Thomas Johnson

Personal information
- Full name: Horace Thomas Johnson
- Nickname: Tiny Johnson H.T. Tiny Johnson H.T. Johnny Johnson
- Born: 30 December 1886 Fulham, United Kingdom
- Died: 12 August 1966 (aged 79)
- Height: 5 ft 4 in (163 cm)
- Weight: ~155 lb (70 kg; 11.1 st)

Team information
- Discipline: Track sprinter

Amateur team
- 1905–1923: Putney A.C. and Catford C.C.

Major wins
- 1907, 1909 and 1910 – British Tandem Championships 1908 – won silver in the Olympic tandem race National Quarter-mile Tandem record 1911 – Won 32 'top-class' races 1920 – second in the World Sprint championship 1920 – won silver in the Olympic 'individual sprint 1920 – won silver in the Olympic 'Team pursuit' 1922 – Amateur Sprint Championship of the World

Medal record
Men's cycling
Representing United Kingdom
Olympic Games
| Silver medal – second place | 1908 London | 2,000 metre tandem race |
| Silver medal – second place | 1920 Antwerp | 1,000 metre individual sprint |
| Silver medal – second place | 1920 Antwerp | Men's team pursuit |

= Thomas Johnson (cyclist) =

British cyclist

Horace Thomas Johnson (30 December 1886 - 12 August 1966) was a cyclist from Great Britain. He was born in Fulham, United Kingdom.

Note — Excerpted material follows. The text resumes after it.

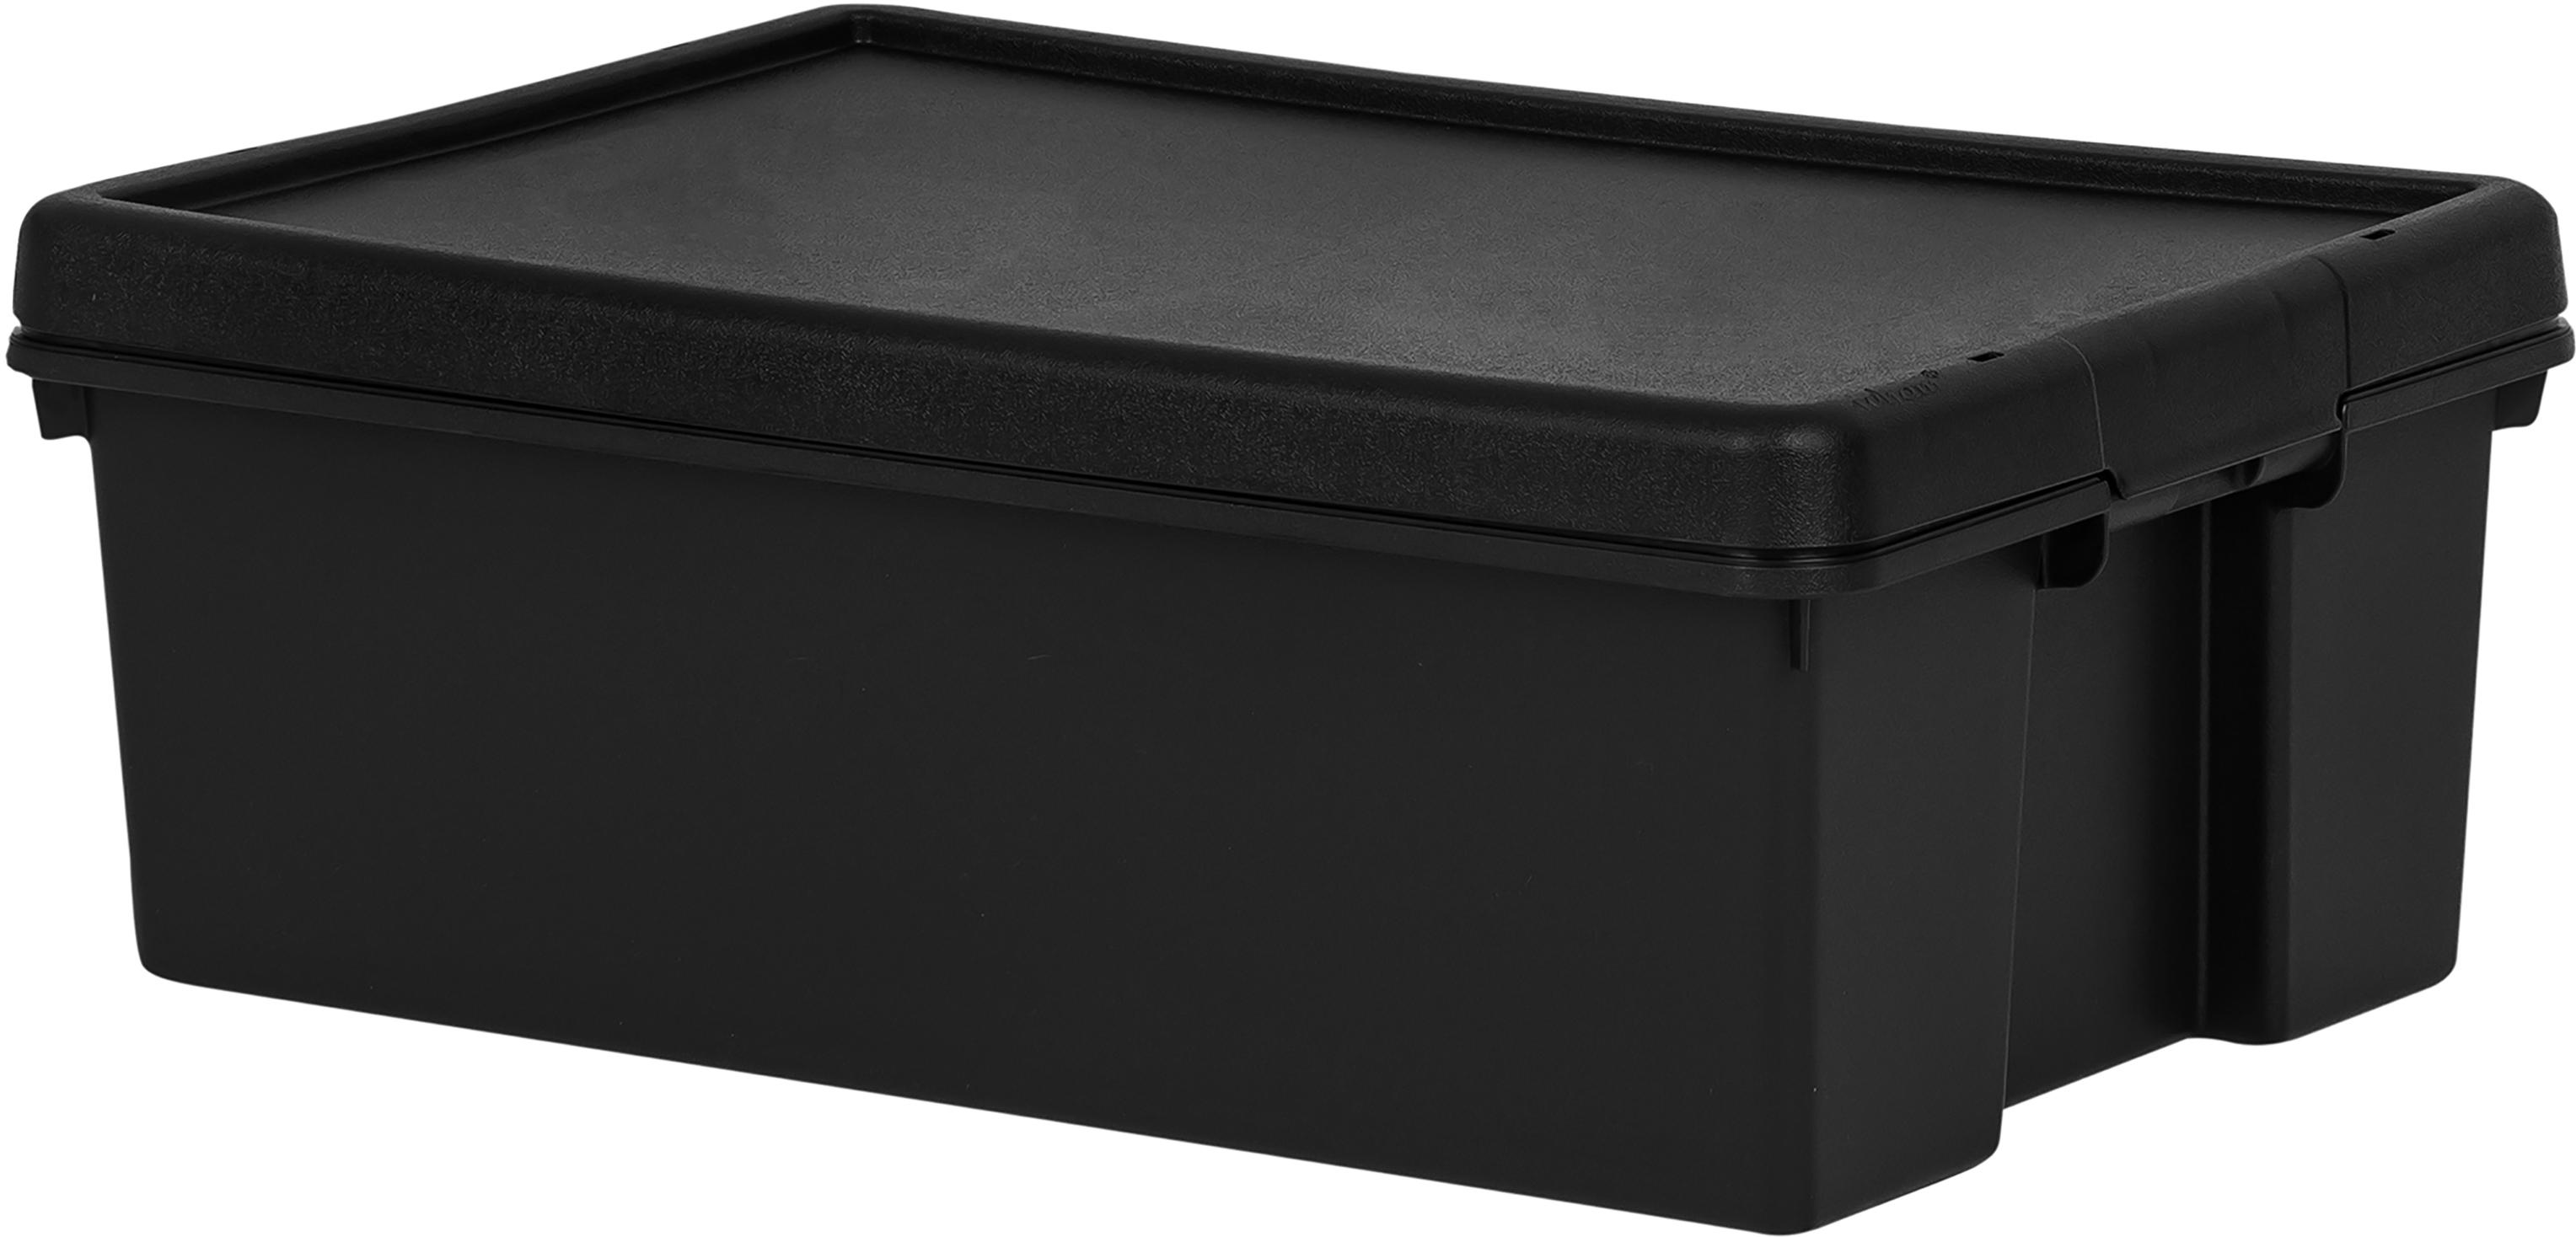 6097円 【SEAL限定商品】 2 Pack Clothes Storage Bins - Stackable Metal Frame Box Foldable Li

Johnson was often referred to as Tiny Johnson or H. T. Tiny Johnson. He won three silver medals at the Olympic games: the tandem race at the 1908 Summer Olympics in London, plus both the individual sprint the team pursuit at the 1920 Summer Olympics in Antwerp, Belgium.

==Career==
Johnson took up cycle racing in 1905 when he joined Putney A.C. at the age of 17. By the age of 20, in 1908, he won a silver medal at the 1908 Summer Olympics in London, competing with Frederick (E.G.) Hamlin in the 2,000 metre tandem race.

In 1911 he won 32 races in top-class company.

At the 1920 Summer Olympics held in Antwerp, he won the silver medal after finishing second in the 1,000 metre individual sprint with a time of 15.1 seconds, identical to Harry Ryan who was awarded the bronze medal. The following day, 10 August, Johnson was a member of the British team in the Men's team pursuit. The team, which also included Cyril Alden, William Stewart, and Albert White, finished in the silver medal position with a time of 5 minutes 13.8 seconds.

In 1922, at the World Amateur Track Championships in Paris, he won the men's sprint title, beating the Olympic champion Maurice Peeters and teammate W. Ormston.

==Awards==

===Golden Book===

Johnson's achievements were celebrated in 1949 when Cycling Weekly awarded him his own page in the Golden Book of Cycling.